Можно было позавидовать темпераменту этого старого человека. Все мы проигрывали ему.
Журнал наш действительно собирает сведения о казнях и покушениях по газетам России. В каждом выпуске – двадцать-тридцать страниц таких сообщений мелким шрифтом в две-три строки. С недоумением увидят потомки этот список преступлений народа и его правительства. Впрочем, здесь требуется уточнение. Партия социалистов-революционеров, что опутала всю Россию от Владивостока до Гельсингфорса, стала пугалом для каждого чиновника от министра до капитана-исправника, – народ? Совет министров, что не в состоянии уразуметь происходящее и смог предложить лишь только военно-полевые суды, – правительство? Упавший духом Николай Александрович – государь?

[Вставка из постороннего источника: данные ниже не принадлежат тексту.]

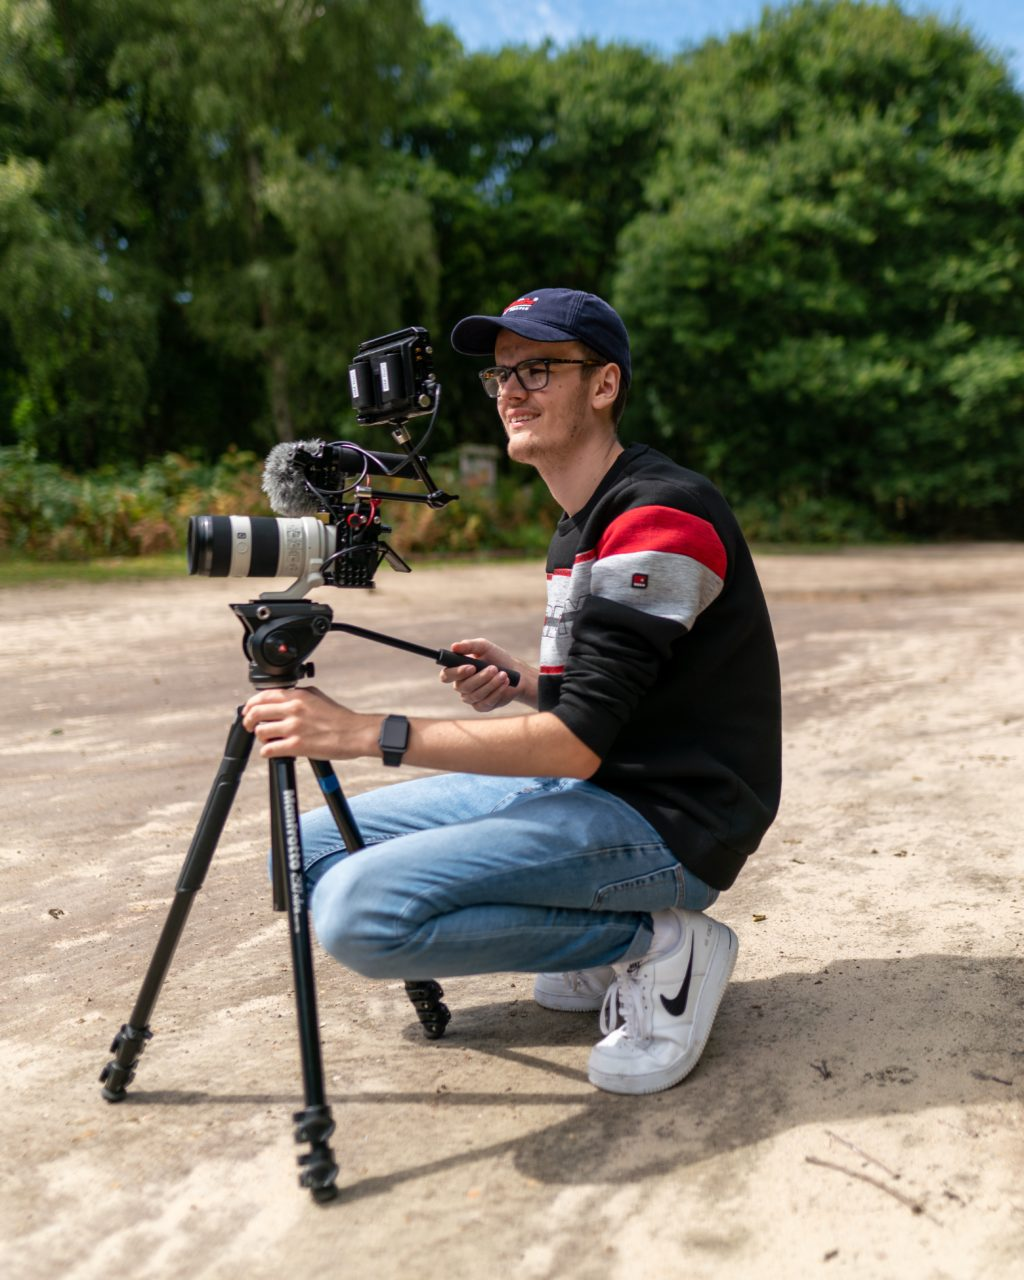 Man squats beside his camera and tripod

Мотивы новых социалистов насвистаны, разумеется, мелодиями семидесятых. Но и барабаны правительства – те же: в ноябре минувшего года отменена предварительная цензура, а в августе нынешнего учреждены военно-полевые суды… С одной стороны, 15 генерал-губернаторов, убитых за последние два года, не считая всяких там полковников, полицмейстеров, капитанов, которых бьют, как зайцев по первой пороше, с другой – казни, за месяц – триста, за полгода – девятьсот пятьдесят.
– Ничего, господа, – миролюбиво произнес Протопопов. – Думаю, скоро все успокоится. На революцию не похоже. Побунтует народ и… Все будет хорошо.
Тут и поднялся тот незнакомый человек, которого я про себя назвал «грач» – так неуклюж, громоздок и мрачен показался с первой минуты.
– Не похоже?.. – переспросил и с треском, с харканьем рассмеялся. – Вы, господа старички, понимаете, на каком свете живете? Не догадываетесь, что в России уже революция?.. Думаете, успокоится? Простим вам Балмашева, Каляева, Шмидта… «Память Азова», «Очаков»? До самой смерти хотите пить чай с баранками? Не будет больше баранков, господа…
Гоголевская получилась сцена, вечность мы не могли придти в себя. Глуховатый Протопопов напряженно наставлял ладонь к уху, подслеповатый Ясинский суетливо искал пенсне, Златовратский пригнулся в кресле, словно готовясь кинуться вон… А человек этот прошел к двери, и пламя единственной свечи заколебалось, дохнуло потусторонним. Потухни она – и запредельное сходство стало бы полным.
Походка у него оказалась такая же неприятная, как и лицо, голос – на негнущихся деревянных ногах.
– Эх, господа… – опять рассмеялся с треском и харканьем. – Ладно…
Исчез, не закрыв за собой входную дверь. Снова пахнуло – теперь не потусторонним, реальным: лестницей, подвалом, грязной декабрьской улицей…
Ясинский рванулся в кресле, пытаясь движением сбросить оцепенение.
– Кто это? Как сюда попал? Кто его пригласил? Как жаль, что я свою палку оставил в прихожей!
– Еще не поздно, Иероним Иеронимович, – заметил Скабичевский. – Он далеко не ушел.
– Хорош гусь!.. Наверно, из этих, бомбистов.
– А лицо – обратили внимание? Ни кровинки!
– Вот, господа, отчего появляются террористы. От малокровия!
Оказалось, привел «грача» Скабичевский. Зачем? Познания ради.
– Ну, удружил, Александр Михайлович. Век помнить будем.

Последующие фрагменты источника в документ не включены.